There are even some Movie Church connections in the film. Connery’s famous “Chicago Way” speech to Costner takes place in a church (the one place that seems free from the city’s corruption). Connery’s cop, Jimmy Malone, keeps a St. Jude medal to honor the saint of lost causes and policemen. We get to see Ness with his little girl saying her bedtime prayers. And there are, of course, the wise words of Eliot Ness: “Let’s do some good!”

Capone’s Chicago days have provided material for a number of films. In 1959’s Al Capone, the gangster was played by Rod Steiger (if you were a member of our household, you would remember him as the protagonist of the film Oklahoma). In 1975’s Capone, Ben Gazzara played the famous thug. An unusual choice in making that film was also showing Capone in the years following his imprisonment.

In 1967’s The Saint Valentine’s Day Massacre, Jason Robards played Capone in a film which focused on Al’s slaughter of the Bugs Moran gang on the day that is supposed to be all about love. That awful event is recreated in a very different setting in Billy Wilder’s classic 1959 comedy, Some Like It Hot, in which musicians Jack Lemmon and Tony Curtis witness the killings and go into hiding as members of an all girls band.

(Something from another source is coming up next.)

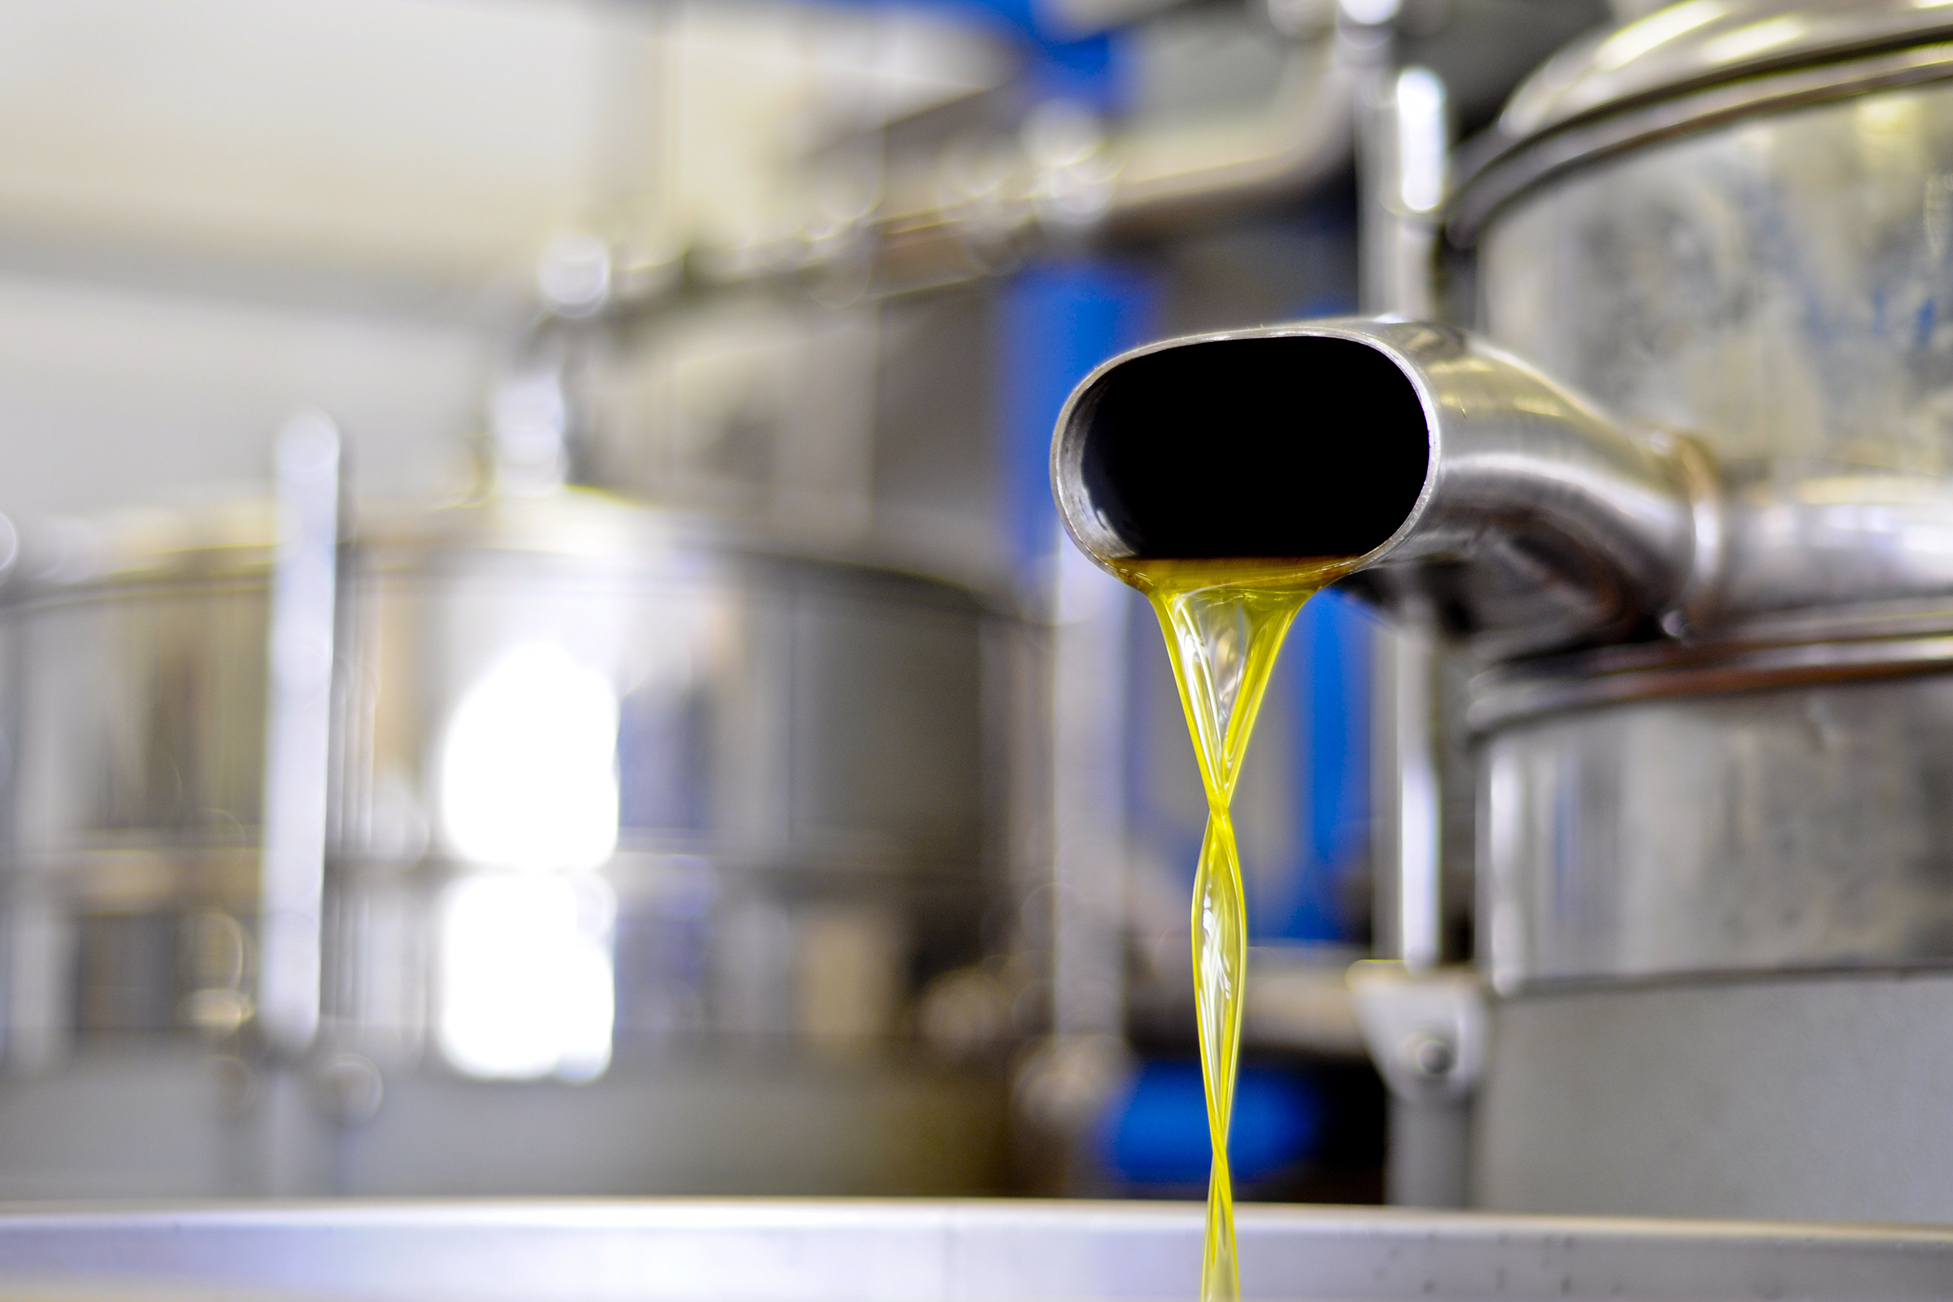 Production of olive oil

Sometimes pseudonyms were used for a Capone-like character. The mobster was still alive in 1932 when Howard Hawks made Scarface. “Scarface” was a nickname for Capone, but Paul Muni plays a character named “Tony.” The film is set in Chicago, but when the film was remade in 1983, Brian De Palma used Florida as the setting and made it about the prohibition of drugs rather than alcohol.

Two classic gangster films were made the year before the first Scarface which were also set in the Windy City: Little Caesar, launching the career of Edward G. Robinson; and The Public Enemy, which was Jimmy Cagney’s big break. All three of these films were very popular -- but also were considered very violent. There was a concern in the government, the press, and the church that these films glorified the life of the gangster. Along with the early Universal horror films, these helped usher in the censorship of the Hayes Code.

The gangster life during those prohibition years in Chicago has continued to be a popular theme. In 2002’s Road to Perdition, Tom Hanks and Paul Newman played hoods in a story based on a graphic novel. Perhaps the strangest film of all time set in this place and era is 1976’s G-rated musical, Bugsy Malone. All of the roles, including the gangsters and molls, are played by child actors (such as Scott Baio and Jodie Foster). To keep that G rating, the guns in the film shoot whipped cream instead of bullets.

A couple of other films set in the time of prohibition are not about gangsters, but are still about criminals. 2002’s Oscar winner for Best Picture, Chicago, is about murderesses in the early 1920’s who were heroines in the tabloid press. The movie musical was based on a Bob Fosse musical and won five additional Oscars, including Best Supporting Actress for Catherine Zeta-Jones.

But the story told in that musical had been told on the screen before. In 1942, Ginger Rogers played Roxie Hart in a film that featured her trial on the charge of murder. Because of the Hayes Code brought about by those gangster films, a movie couldn’t portray someone getting away with murder. So Roxie, in the film, was innocent. We sometimes think of the past as a more innocent time…but Prohibition Era Chicago…not so much.


Thursday, August 27, 2015

Blues Brothers (1980)

I was, like most teens in the late 1970s, a big Saturday Night Live fan, so I rushed out to see a film featuring cast members John Belushi and Dan Ackroyd, but when I first saw "The Blues Brothers" I must admit I thought, "What a stupid film!  It was nothing but blues music and car crashes." But I saw it again with friends and thought, "Hmmm, blues music and car crashes." And then I saw it a third time. "What an awesome film! Nothing but blues music and car crashes!"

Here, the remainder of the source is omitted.